As with Pomeranians and Chihuahuas, Pomchis may be prone to dental issues, such as tartar build-up on the teeth, which may progress to infection of the gums and teeth.

It is important to prevent these dental problems, as they may reduce the overall quality of life, even decresing their lifespan. Keeping a regular dental hygiene is therefore essential.

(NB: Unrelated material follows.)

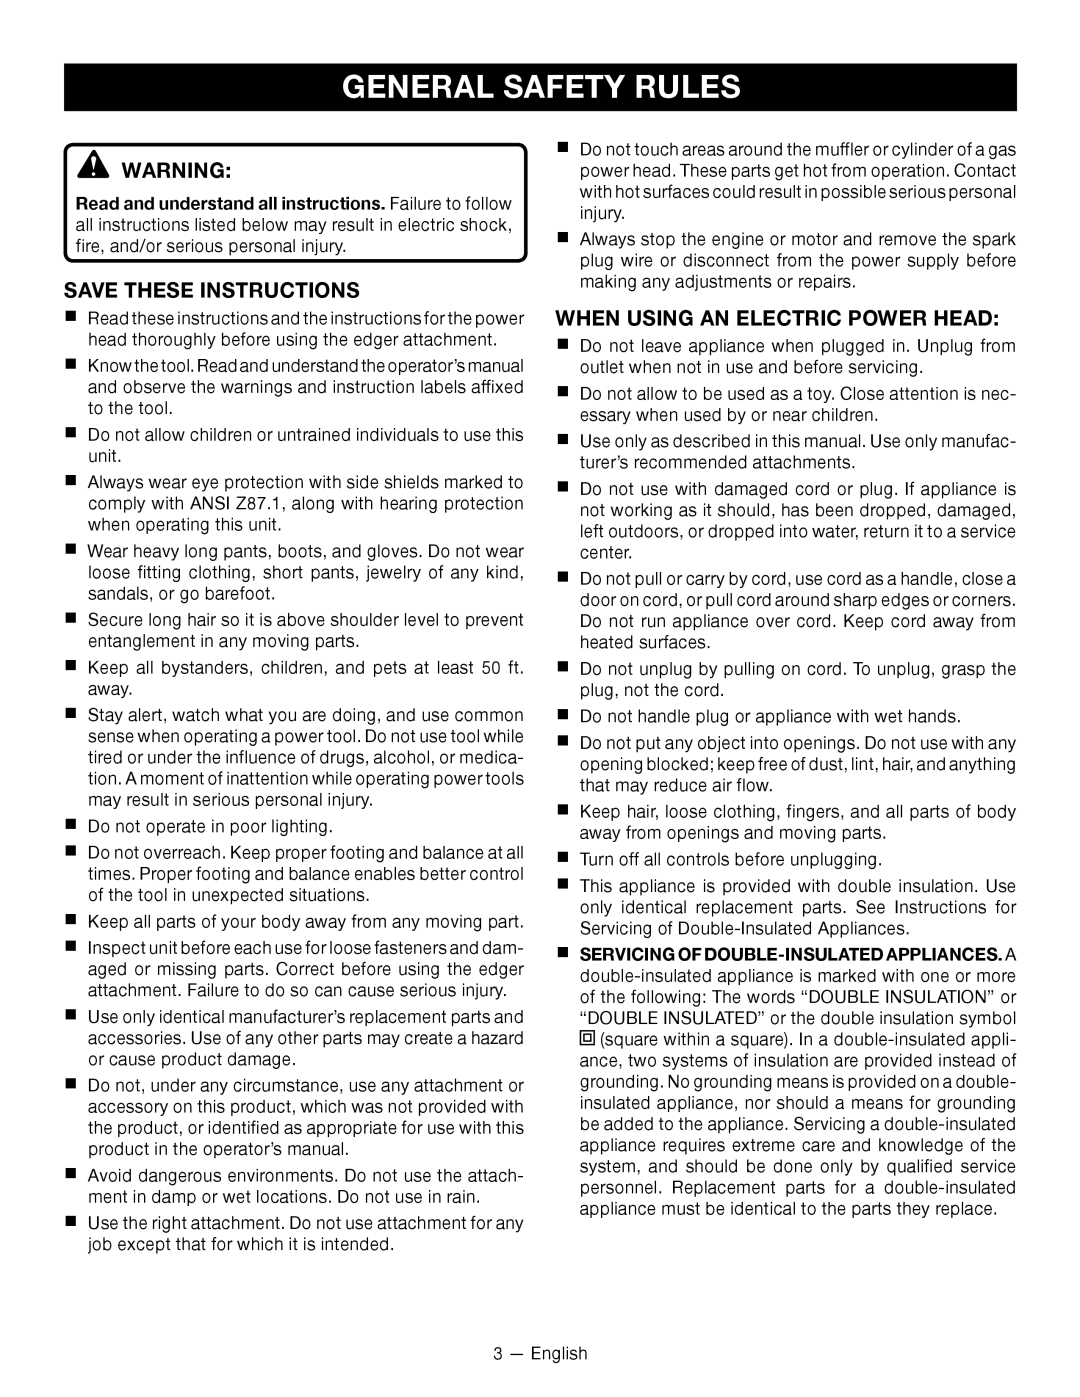 Ryobi RY15518 manuel dutilisation General Safety Rules, Save These Instructions, When Using An Electric Power Head

Exercise and Activity Levels

Pomchis do not require much exercise and they will be happy just hanging around the house. In any case, they should go outside on a walk for fresh air at least once a day. Being outdoors is stimulating and helps them to keep active and alert. Also, it is an opportunity for meeting other dogs and people, thus reinforcing their social skills.

Besides their daily walks, Pomchis love playing and enjoy toys, so it is important to make sure they have plenty of toys to engage with during playtime. Pomchis are smart dogs, so they will also enjoy learning new tricks and solving puzzles, whilst at the same interacting with their owners and creating a lasting bond.


Pomchis shed moderately. Pomchis with longer coats should be brushed and groomed more frequently.This usually means that brushing and combing them at least once a week is necessary to keep their coats looking nice and healthy.

They also have quite sensitive skin, so it is better to use a soft-bristled brush, and not a metal one that can irritate their skin. Pomchis with longer coats should also be trimmed a couple of times a year by a professional groomer, when the season changes. Nail clipping and brushing their teeth should also be part of the grooming routine.